There’s a distinction between a state-machine (active-active) and primary-backup (active-passive) model for logging. Let’s say we have an arithmetic program and each node has a starting state of the number 0. Then, the system gets a request to “Add 5”. What do we add to the log?

Log Models

OptionWhat’s loggedDescription
Log the request“Add 5”Just store the command (the intent). Each replica executes it.
Log the state change“New value = 5”Store the resulting state. Replicas don’t re-run the logic, just apply the result.

With the active-active model, we opt for the first approach where we store the intent. With the active-passive model, the leader stores the resulting value.

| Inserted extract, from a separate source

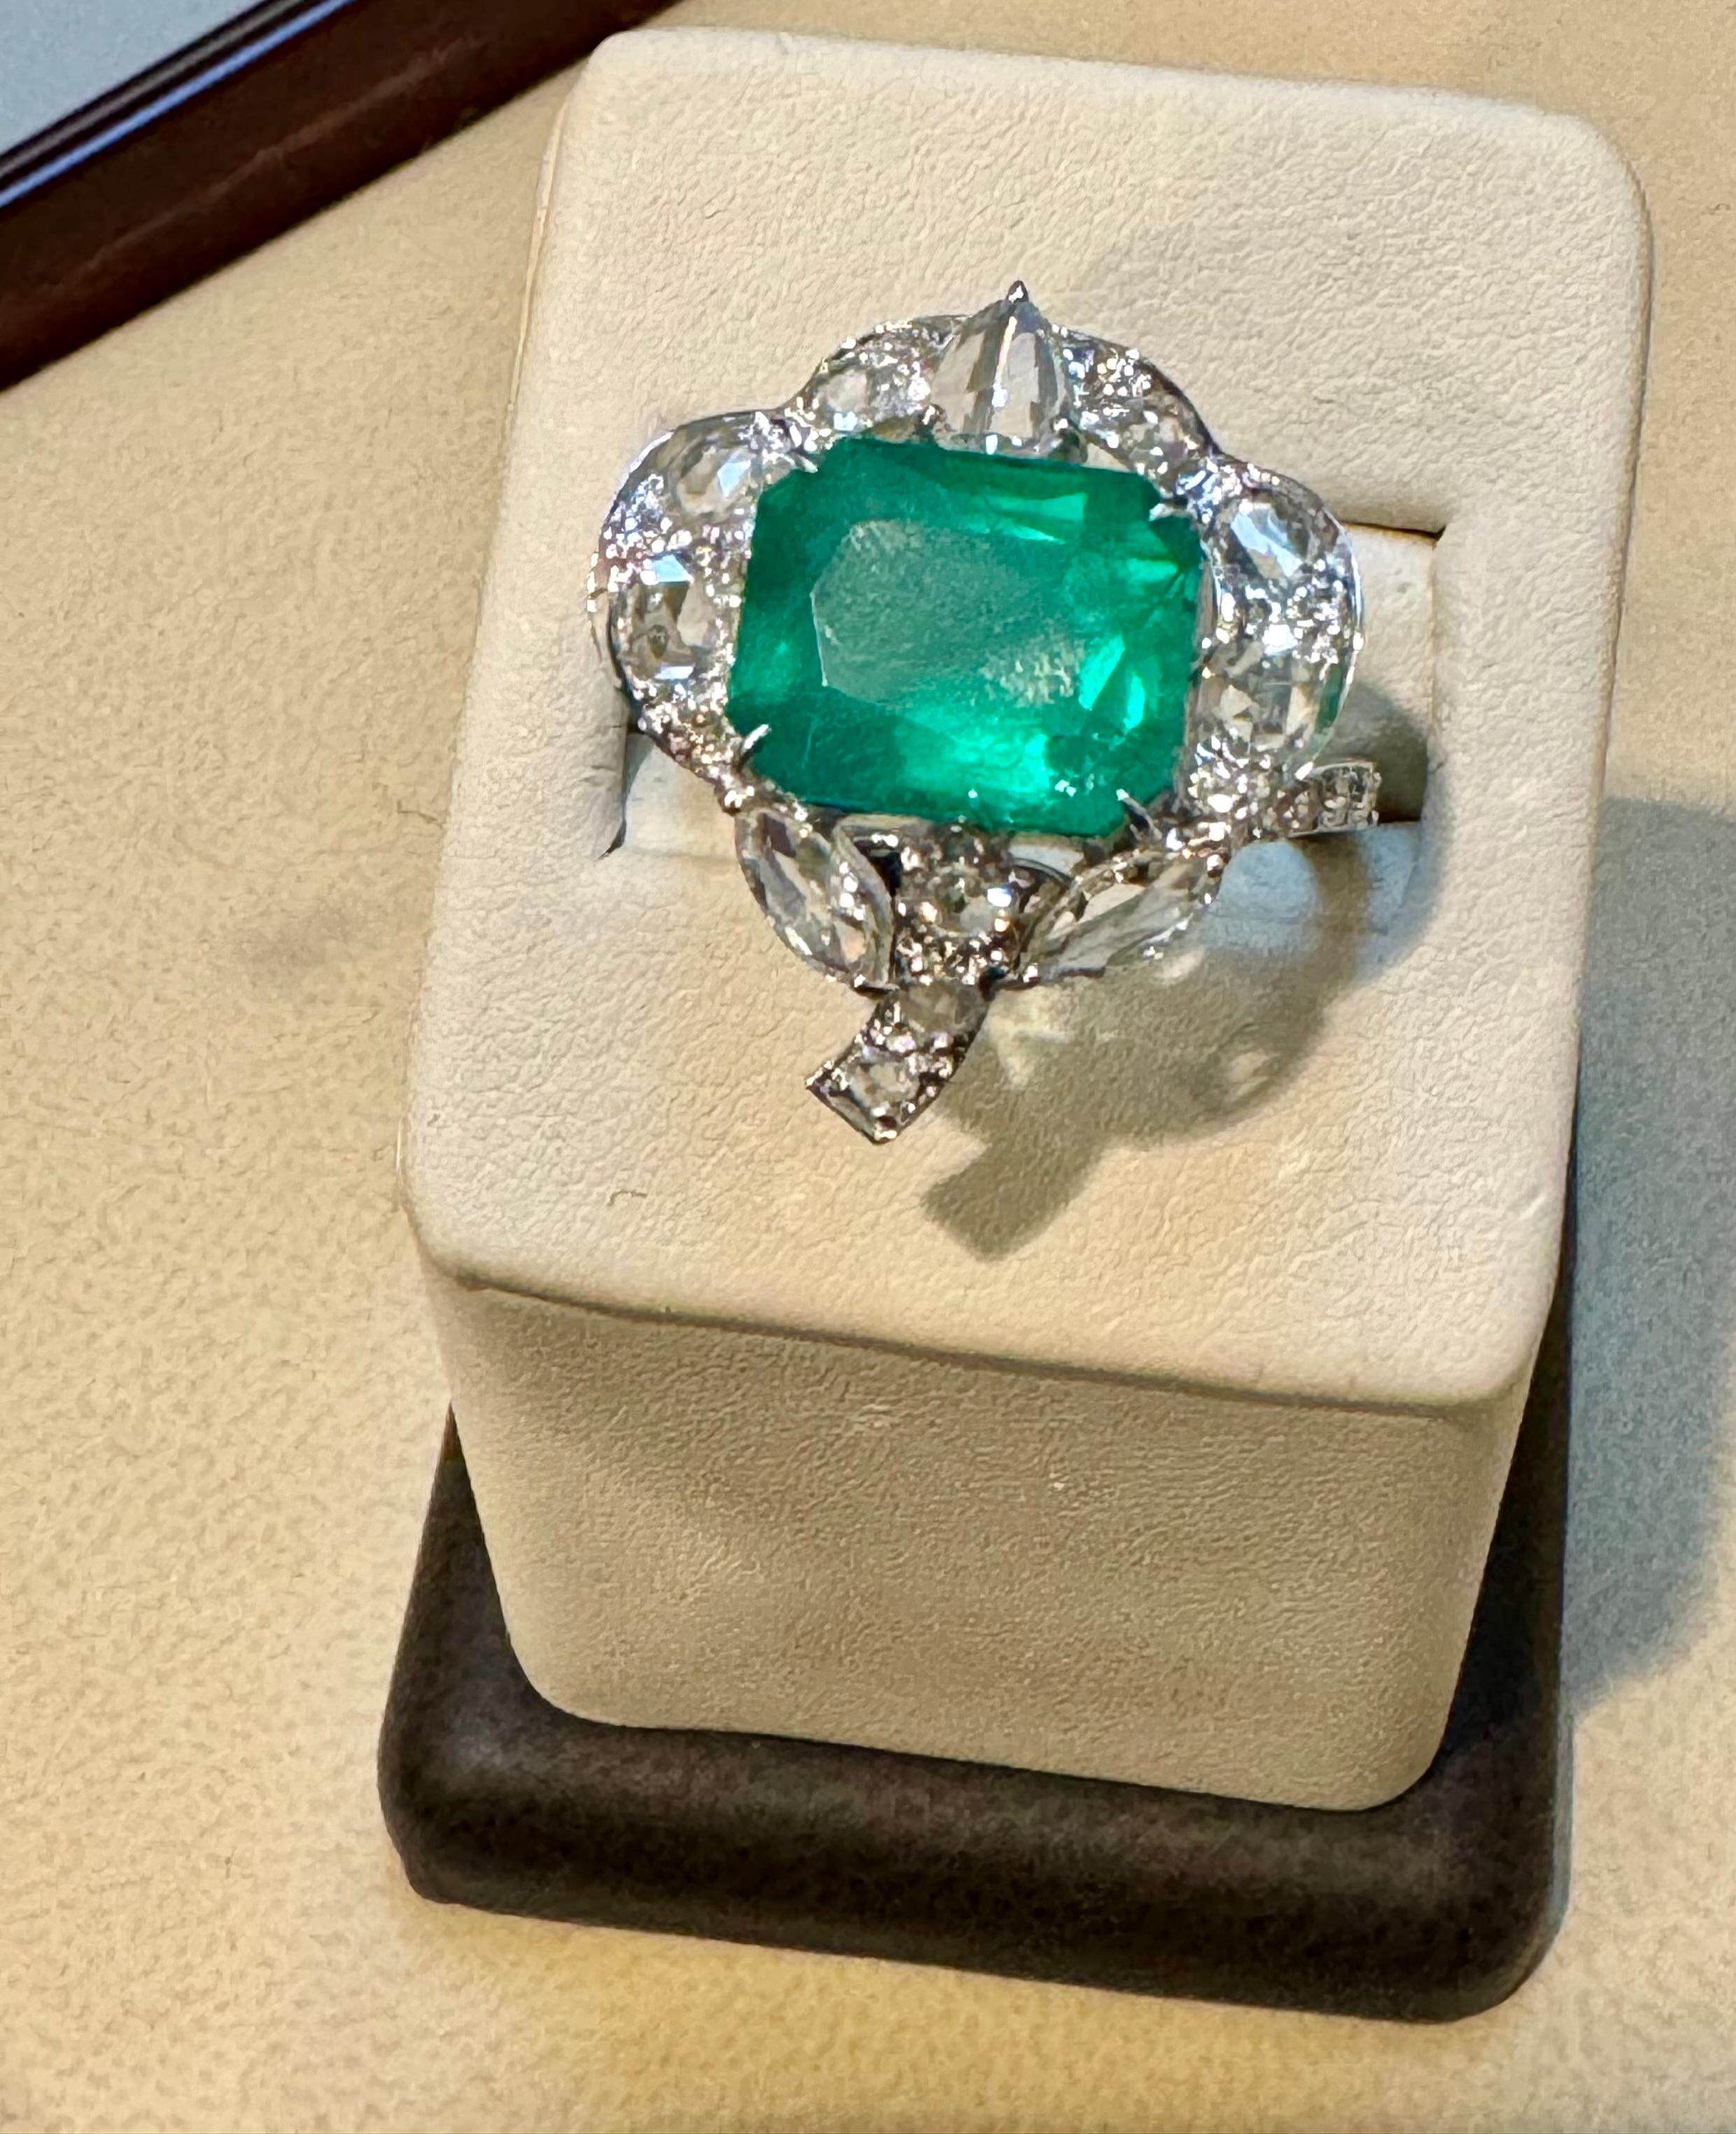 7 Ct Finest Zambian Emerald Cut Emerald & 1.5Ct Diamond Ring, 18 Kt Gold Size 9 For Sale 4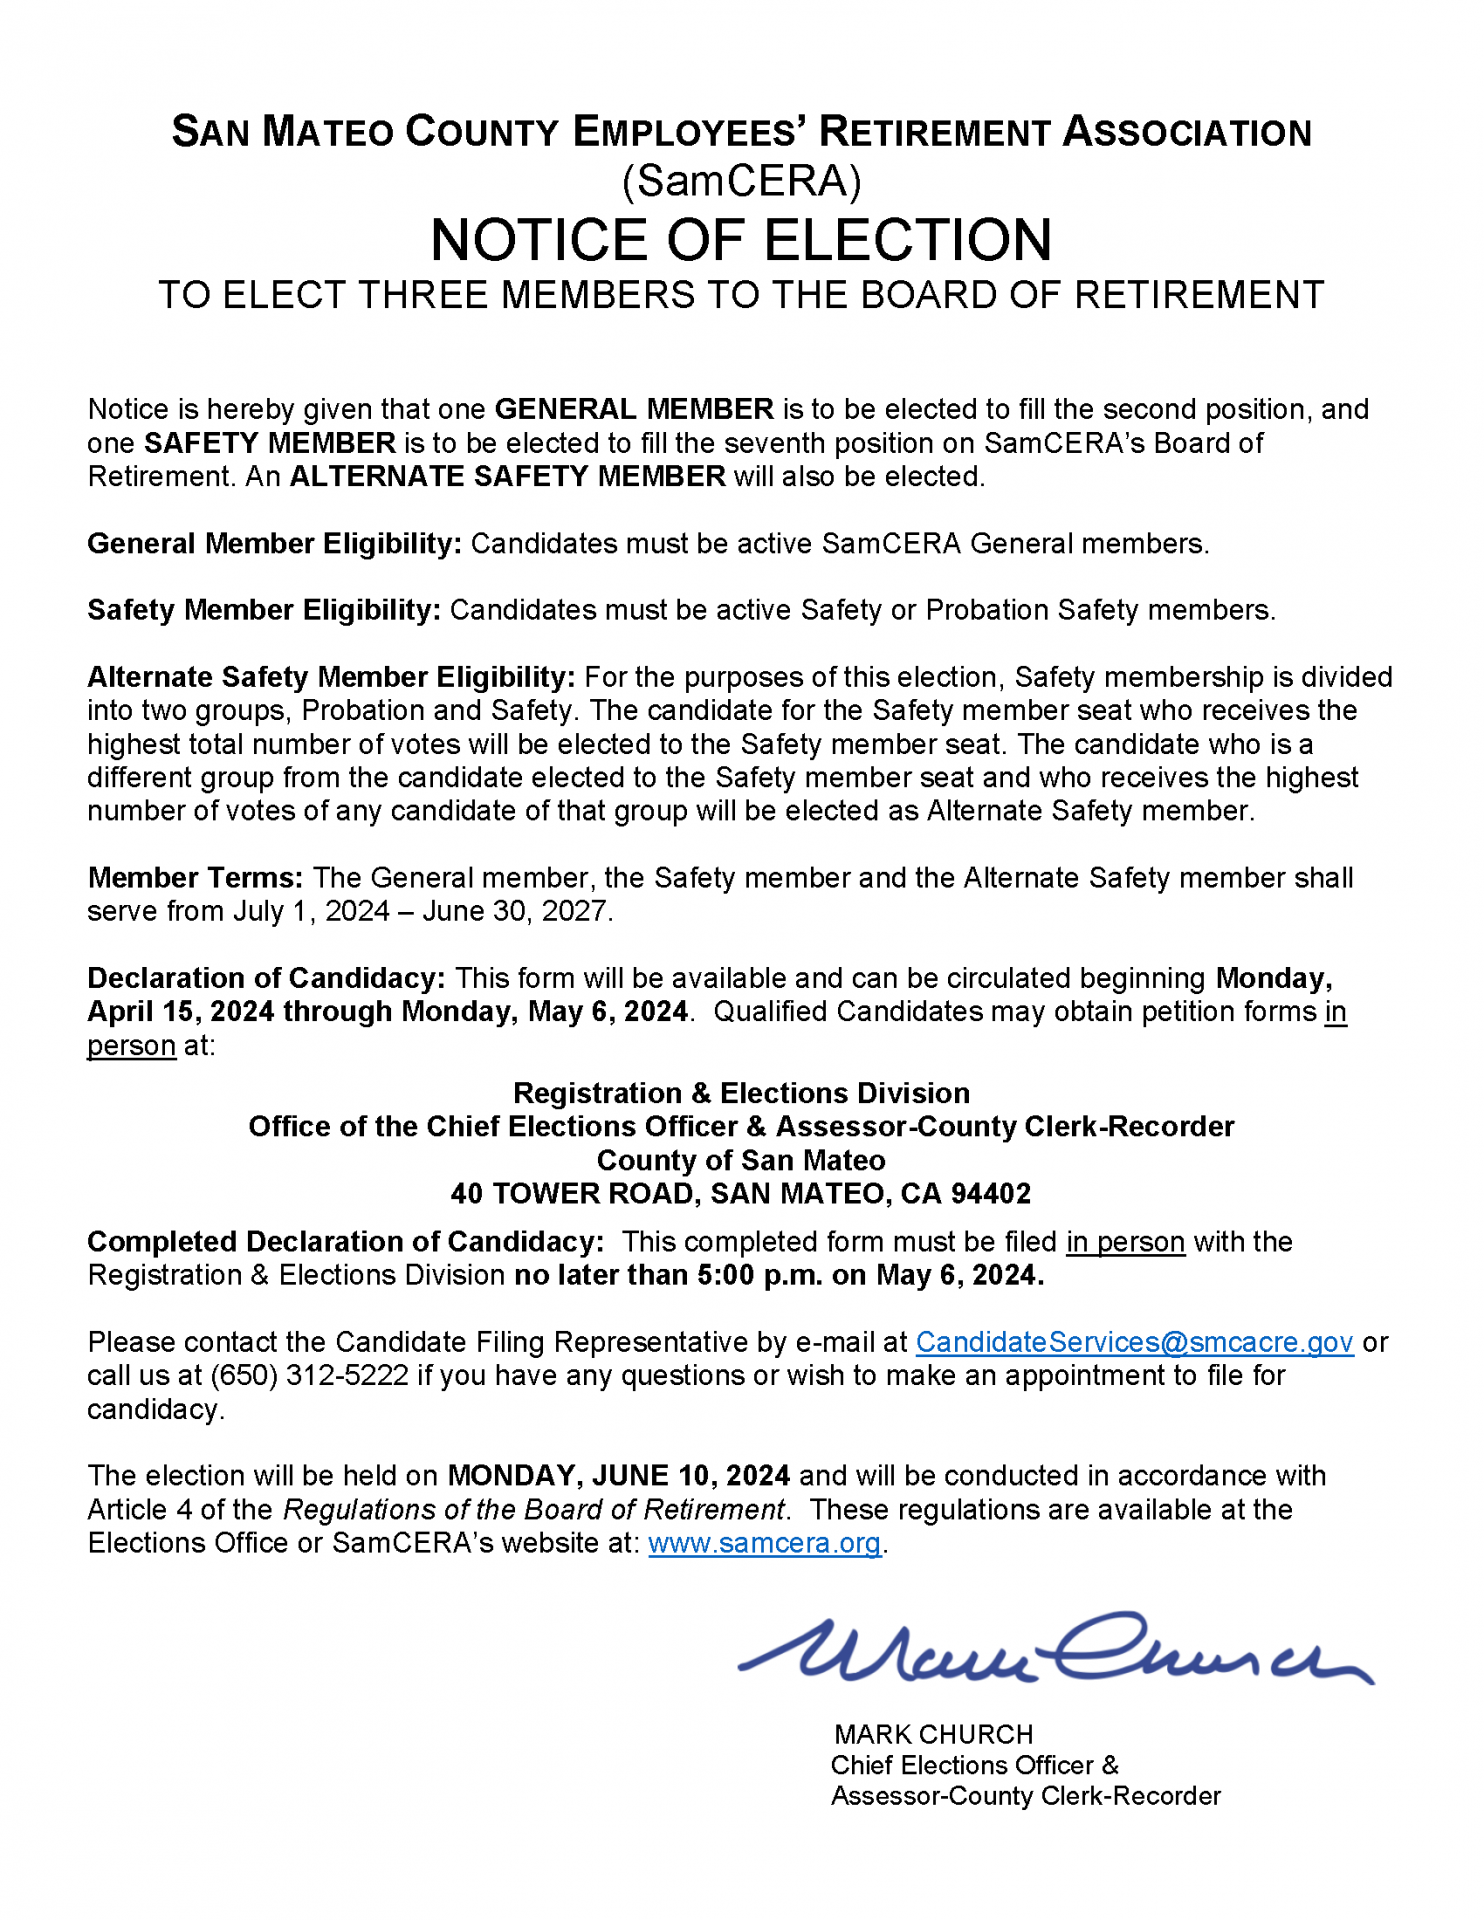 2022 Notice of Election for SamCERA Board of Retirement

Even though people talk about the log like it’s a single thing, there isn’t one big central log sitting somewhere. Each node keeps its own local copy on disk, and consensus protocols such as Raft or Paxos make sure those copies all contain the same entries in the same order. From the system’s perspective, it behaves like one shared global log. Every node replays that log to stay in sync, even if one falls behind or crashes.

In the active–active model, multiple nodes can handle requests directly. Since they can all propose new entries, they have to coordinate through consensus to agree on the next command and its position in the log.

In the active–passive model, things are simpler because only the leader handles requests and writes to the log. The other nodes just replicate whatever the leader writes. Consensus still matters here, but mainly for leader election and ensuring everyone agrees on who is in charge.

Both approaches rely on consensus, just in different ways. Active–active uses it to agree on what goes into the log, while active–passive uses it to agree on who gets to write to it. Either way, consensus keeps all the nodes aligned and moving together.